Supplied records
--- START ---
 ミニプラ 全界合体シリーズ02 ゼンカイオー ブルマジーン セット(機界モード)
--- END ---
--- START ---
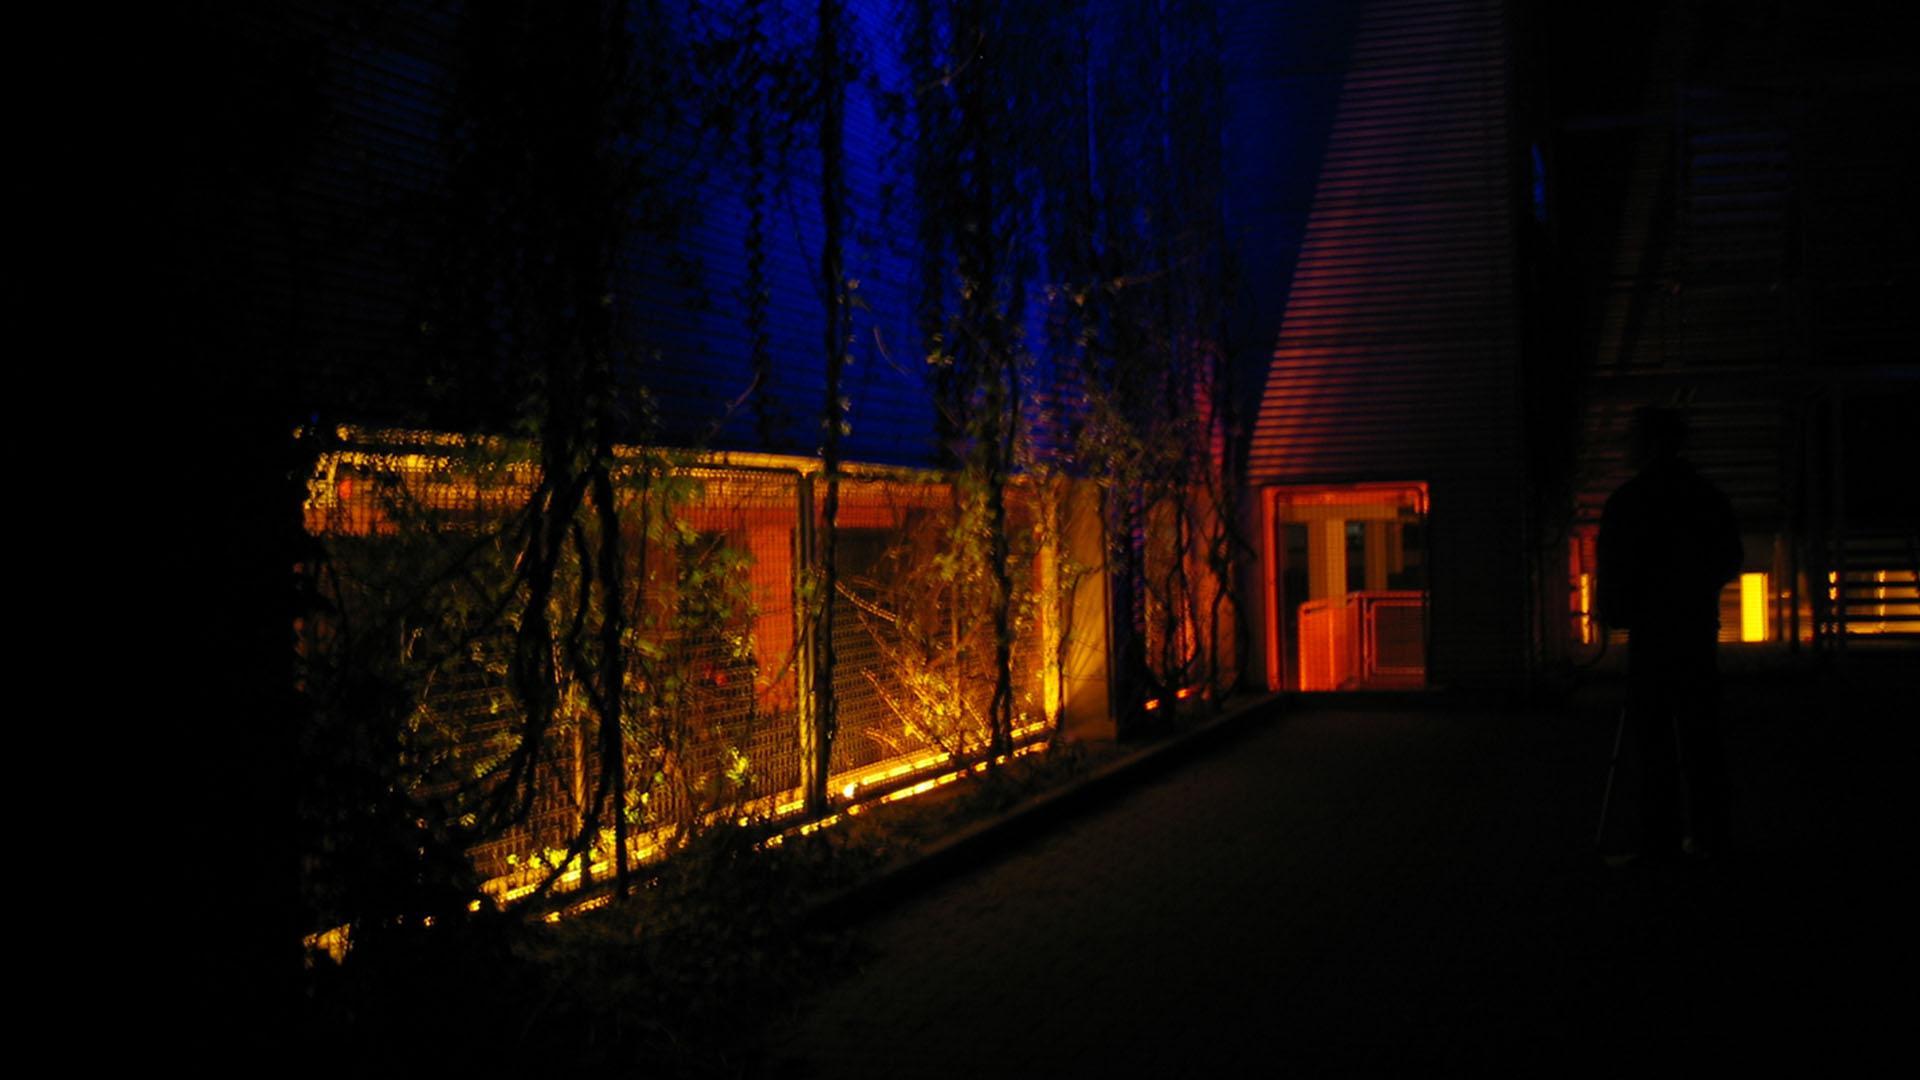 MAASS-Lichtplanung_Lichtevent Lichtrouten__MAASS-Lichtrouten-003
--- END ---
--- START ---
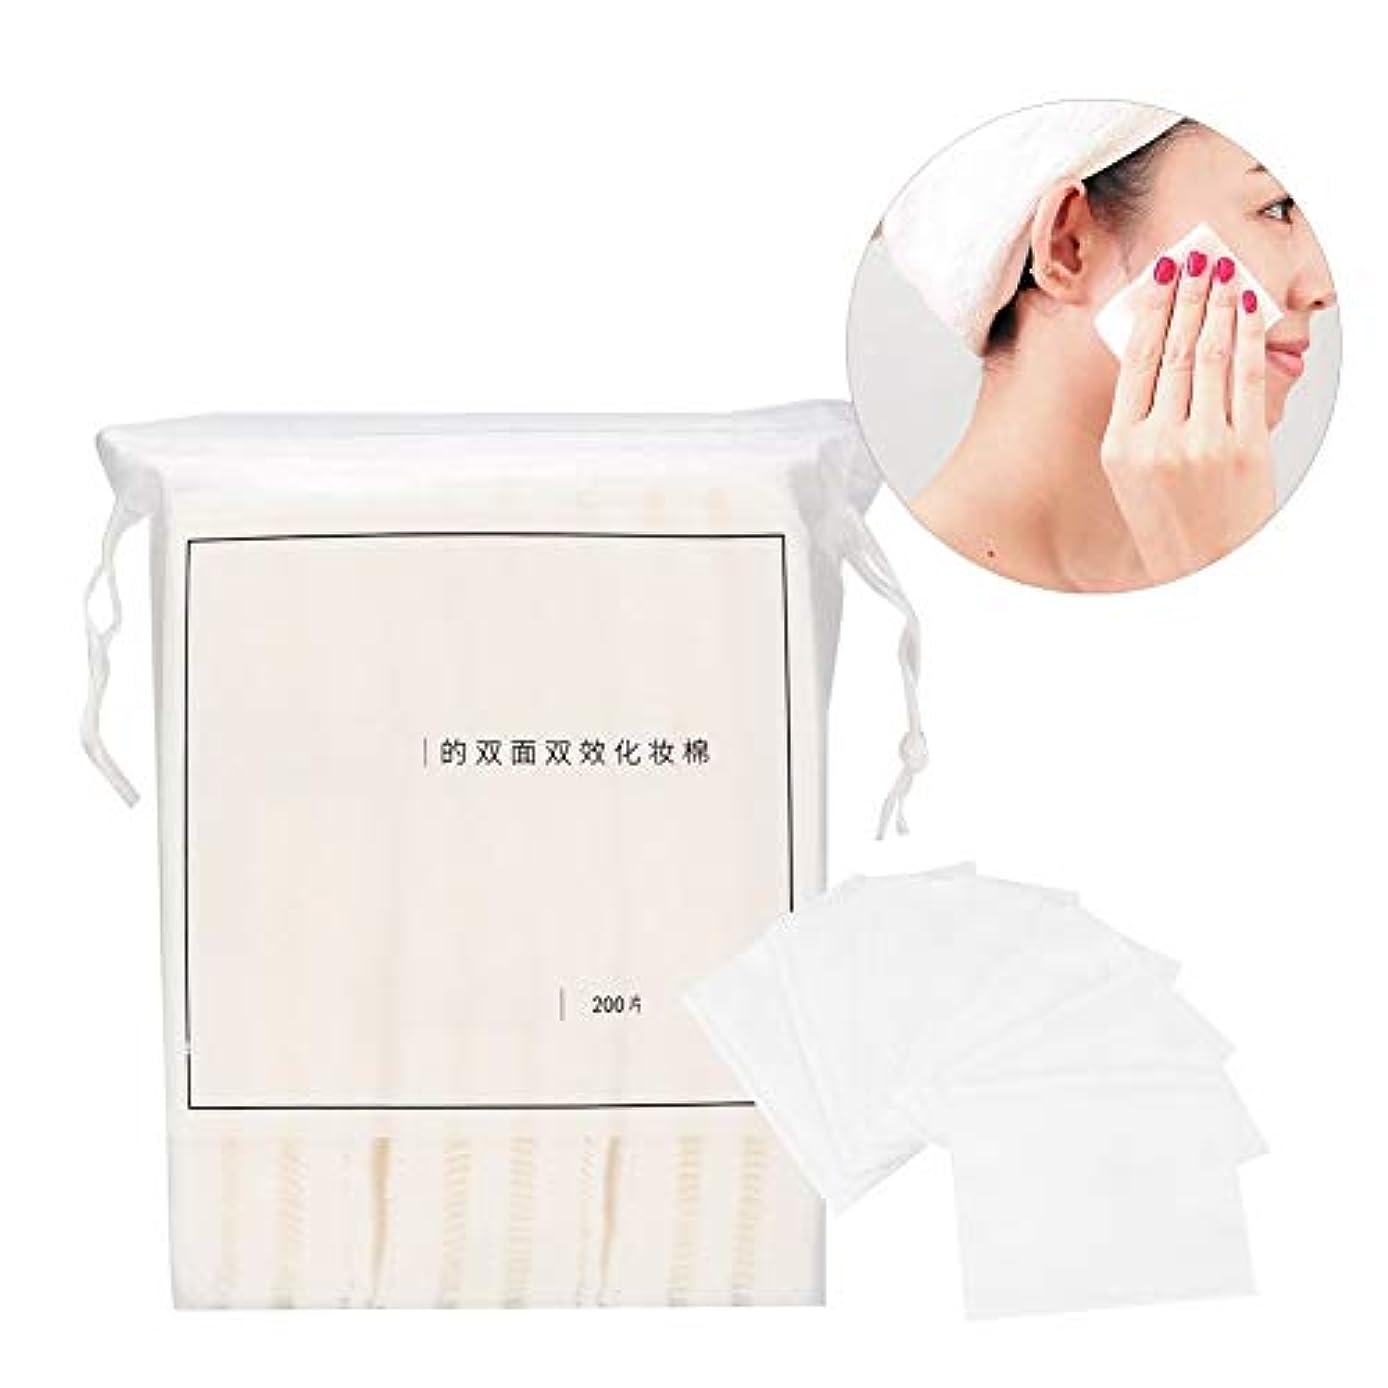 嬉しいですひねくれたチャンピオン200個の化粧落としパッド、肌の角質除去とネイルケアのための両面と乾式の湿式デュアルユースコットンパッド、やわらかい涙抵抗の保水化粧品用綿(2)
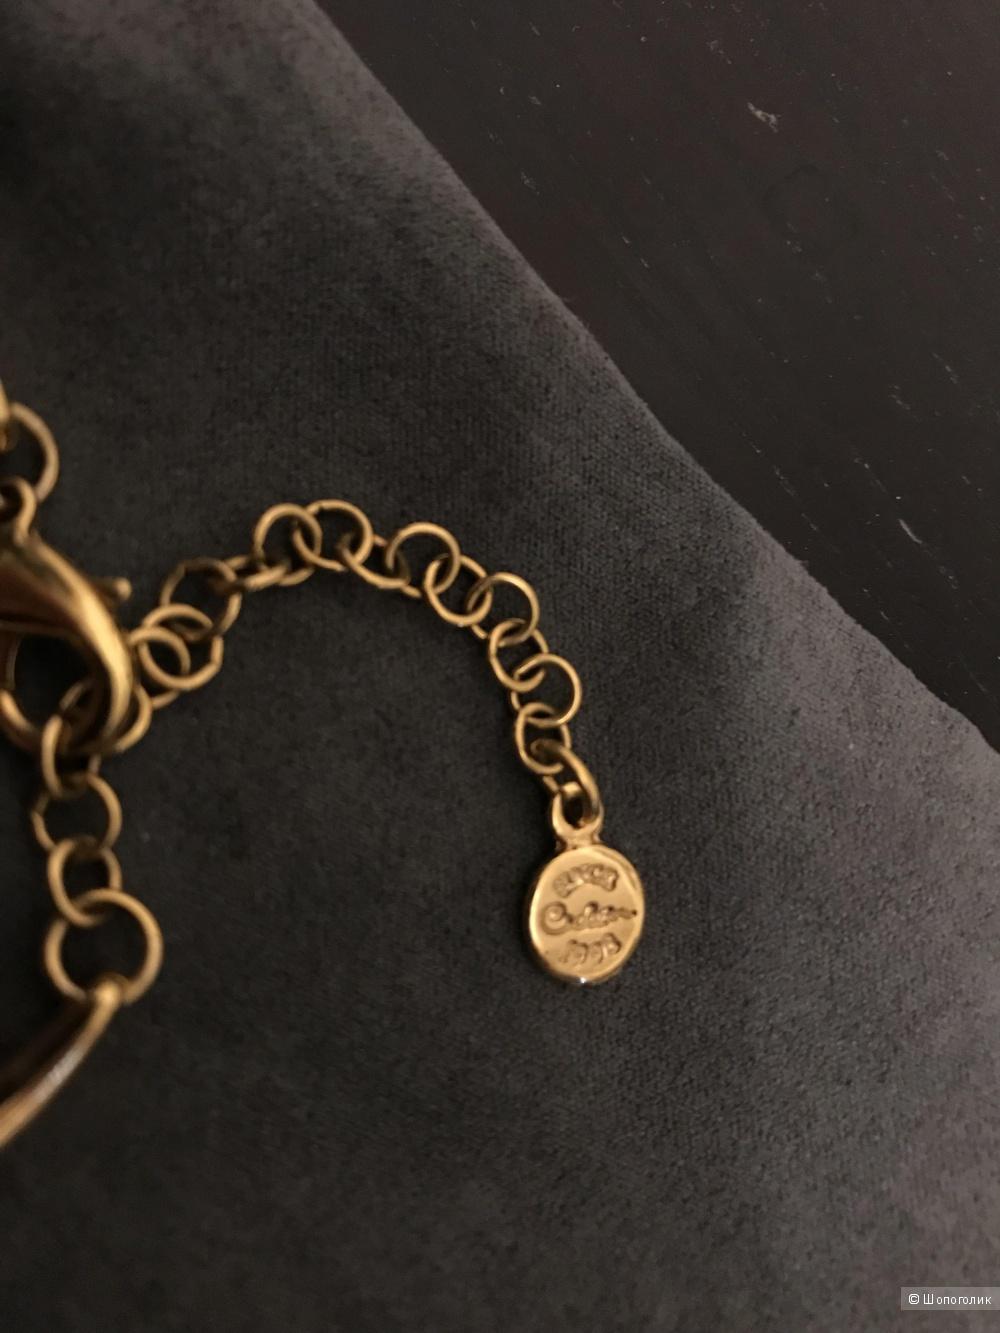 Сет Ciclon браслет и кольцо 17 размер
--- END ---
Word for word, write out the lines above running from the one with "嬉しいですひねくれたチャンピ" up to and including the one with "Сет Ciclon браслет и кольцо 17 размер". Drop any picture.

Answer to this problem
 嬉しいですひねくれたチャンピオン200個の化粧落としパッド、肌の角質除去とネイルケアのための両面と乾式の湿式デュアルユースコットンパッド、やわらかい涙抵抗の保水化粧品用綿(2)
 Сет Ciclon браслет и кольцо 17 размер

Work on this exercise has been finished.